# net-misc/networkmanager-0.9.6.4: no wireless at all.[SOLVED]

## alexcortes

Hello,

I turn on my laptop today and networkmananger doesn't find any wireless network.

The module - rt2800pci - is loaded, lspci shows my card, ifconfig wlan0 also seems ok. I re-emerged the networkmanager but nothing changed.

Recompiling kernel  now.   :Confused: 

Thanks!!!

EDIT: wired is ok, I using now.Last edited by alexcortes on Sat Nov 24, 2012 8:00 pm; edited 1 time in total

----------

## alexcortes

WICD also doesnt find any wireless network.

*I'm on KDE.

----------

## Bobbycar

Same problem here. I can exclude any kernel-update related reasons.

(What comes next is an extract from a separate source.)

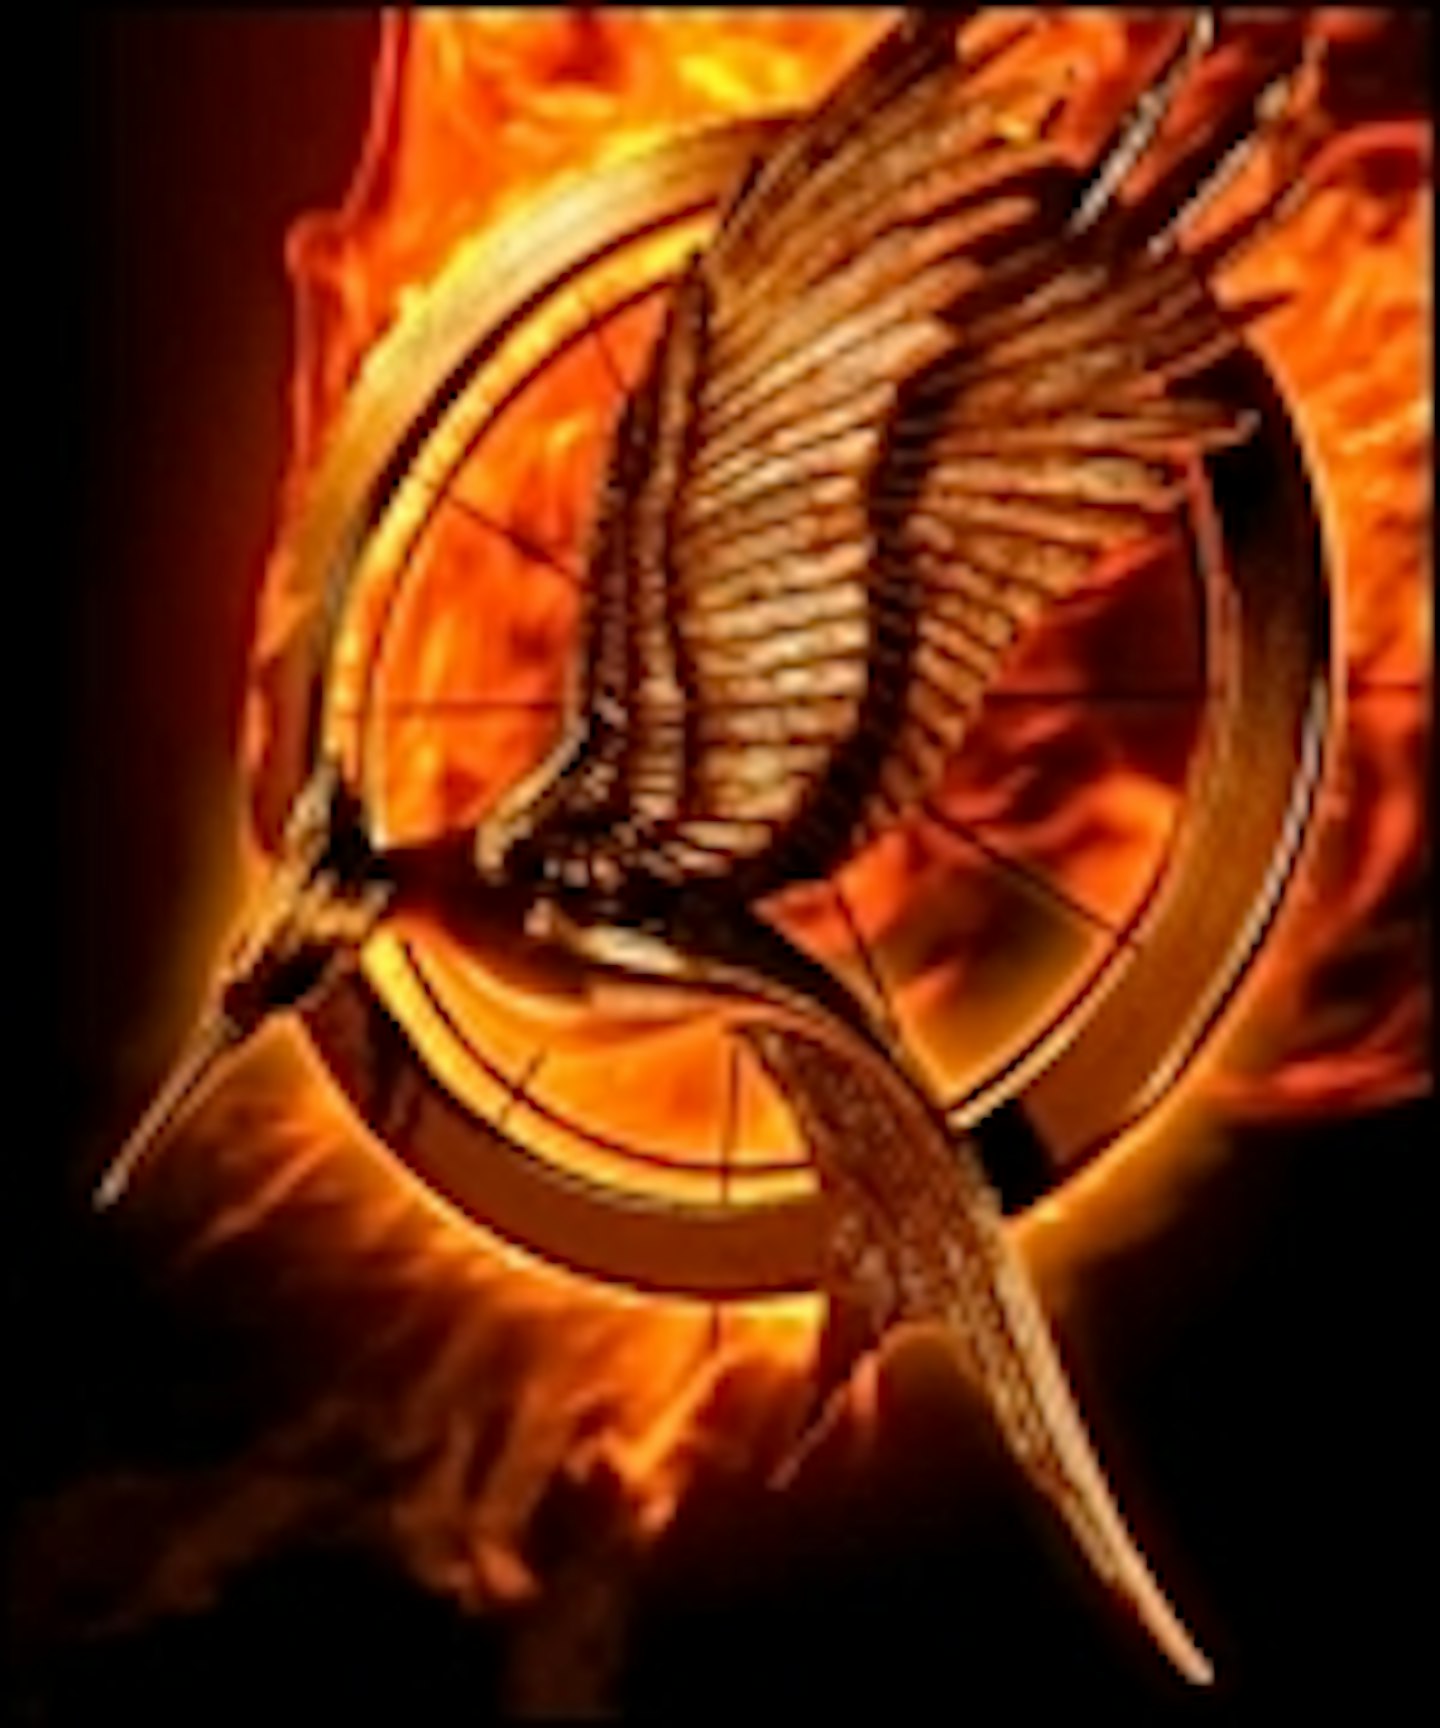 Catching Fire Motion Poster Online

Bisecting reemerged packages since last reboot.

----------

## Bobbycar

https://bugs.gentoo.org/show_bug.cgi?id=444542

Downgrade dev-libs/libnl to 3.2.14

----------

## alexcortes

 *Bobbycar wrote:*   

> https://bugs.gentoo.org/show_bug.cgi?id=444542
> 
> Downgrade dev-libs/libnl to 3.2.14

 

Thank you Bobbycar,

Solved here.   :Very Happy: 

----------